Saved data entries
■ ■ ■

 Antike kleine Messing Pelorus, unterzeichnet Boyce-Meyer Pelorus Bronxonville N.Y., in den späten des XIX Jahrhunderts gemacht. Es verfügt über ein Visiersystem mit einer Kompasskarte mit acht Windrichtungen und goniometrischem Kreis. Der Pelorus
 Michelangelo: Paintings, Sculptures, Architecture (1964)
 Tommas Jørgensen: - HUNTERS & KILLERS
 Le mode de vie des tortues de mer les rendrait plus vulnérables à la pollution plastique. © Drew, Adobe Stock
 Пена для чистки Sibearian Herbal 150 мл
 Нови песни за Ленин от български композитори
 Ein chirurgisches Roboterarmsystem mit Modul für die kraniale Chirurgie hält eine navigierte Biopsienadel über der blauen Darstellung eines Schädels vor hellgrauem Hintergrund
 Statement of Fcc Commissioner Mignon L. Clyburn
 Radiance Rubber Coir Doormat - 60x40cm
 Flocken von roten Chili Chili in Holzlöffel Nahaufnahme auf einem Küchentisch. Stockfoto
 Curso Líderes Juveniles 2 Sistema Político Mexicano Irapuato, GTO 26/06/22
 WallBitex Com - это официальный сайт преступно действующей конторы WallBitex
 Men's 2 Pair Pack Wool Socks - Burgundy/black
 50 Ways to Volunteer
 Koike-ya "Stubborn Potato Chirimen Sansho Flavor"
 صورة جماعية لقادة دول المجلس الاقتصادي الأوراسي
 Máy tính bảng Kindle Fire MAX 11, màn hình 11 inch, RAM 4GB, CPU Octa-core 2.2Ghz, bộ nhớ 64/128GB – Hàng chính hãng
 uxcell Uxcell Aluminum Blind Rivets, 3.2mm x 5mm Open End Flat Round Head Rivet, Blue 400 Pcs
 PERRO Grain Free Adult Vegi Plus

■ ■ ■

## Problem to solve:
Please output only the lines from the one holding "Máy tính bảng" to the end of the records, first and last included, exactly as they appear.

## Exercise answer:
 Máy tính bảng Kindle Fire MAX 11, màn hình 11 inch, RAM 4GB, CPU Octa-core 2.2Ghz, bộ nhớ 64/128GB – Hàng chính hãng
 uxcell Uxcell Aluminum Blind Rivets, 3.2mm x 5mm Open End Flat Round Head Rivet, Blue 400 Pcs
 PERRO Grain Free Adult Vegi Plus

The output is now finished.